And a lot of this is thanks to working with Building Kujichagulia, which has a Black Land Bus project inspired by the Jessup Wagon, and was itself founded by the community’s desire to build a community kitchen instead of copcity.
But it’s not just here in Atlanta, I’ve been learning and getting inspired by:
North Philly Peace Park, who has been creating an urban center in the middle of an underserved neighborhood to serve the community with fresh food and communally built learning centers.
The Abolitionist Atlas, a sort of modern day Green Book mapping out various liberatory practices in the Black South.
Cooperation Jackson, an incredible and dedicated coalition building a solidarity economy in Mississippi. They regularly share their extensive knowledge through their Build And Fight Formula.
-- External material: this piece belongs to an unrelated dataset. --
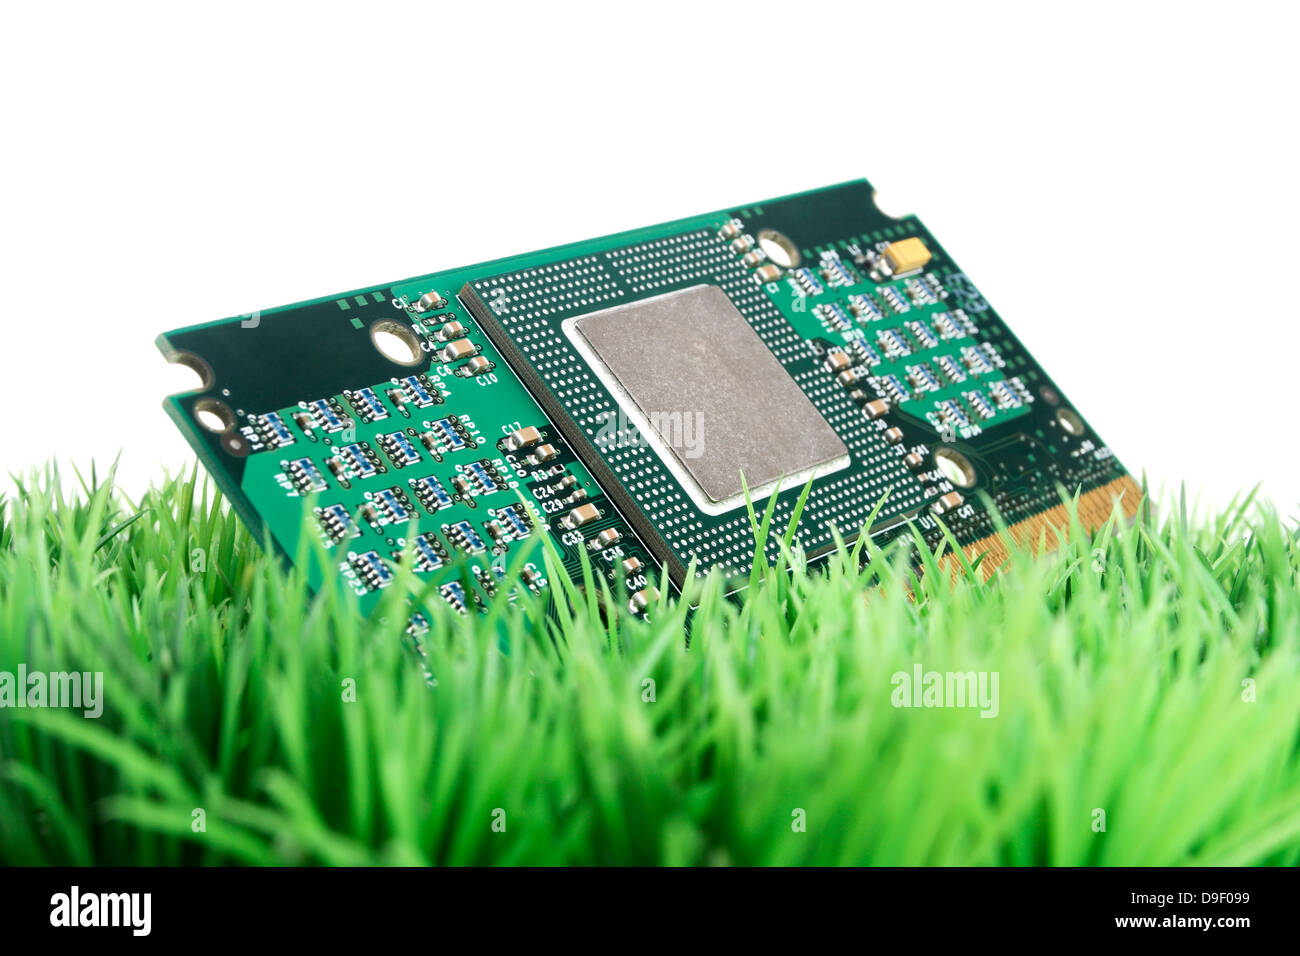 To platinum with processor base on art lawn Board with processor socket on synthetic Grass Stock Photo

Indigenous Hawaiians rebuilding their ancient food forests
And of course the many international efforts like Kisiki Hai in Tanzania, to Chad’s lake project, to the overall Great Green Wall of Africa project, and countless more. (Please share what you know, since I’ve been hyperfocused on what’s local to me!)
These are just the modern day examples I’ve stumbled across.
I’ve also been learning a lot more about the rich history of black people refusing to be subjugated and fighting for true freedom from all oppression.
From the long history of the Gullah Geechee and maroons using knowledge of the land to win against the US government.
To the history of Afrikan people hiding seeds in their hair once they realized the scope of the transatlantic slave trade to ensure they would be able to eat even when they were taken.
To the Lakou system in Haiti and other family farm systems enslaved folks fostered across the Americas in order to feed and heal each other even amidst such horrifying conditions.
Natural remedies foraged and/or grown locally runs deep in the Black/New Afrikan culture. Not just done blindly either, but through a scientific process developed amidst stark oppression. Recall how your grandma always knew some tincture or natural remedy to help with sickness. Idk about you but my grandma had a whole herbalism textbook she used to read in addition to her ancestral knowledge.
All of this made me realize why I like Solarpunk so much. Not just because of the cool and hopeful aesthetics, and certainly not because of some ‘cottage core naivete’, but because of the very real, historical, and radically optimistic practice that my people have had for generations.
The Black radical struggle has always been one of optimism. Not based on some passive hope, but an active, diligent, and tenacious process of birthing a better future. With all the ups and downs, pains and joy that requires. It’s a refusal of despair. Being black is not a choice, being racialized was horrible, but the way black radicals have characterized blackness to be about solidarity, rebellion, and liberation despite all odds is exactly the type of optimism I am driven by. It’s that fierce hope that we can and will stop even the most pervasive of atrocities, if we fight with love and tenacity. By any means necessary.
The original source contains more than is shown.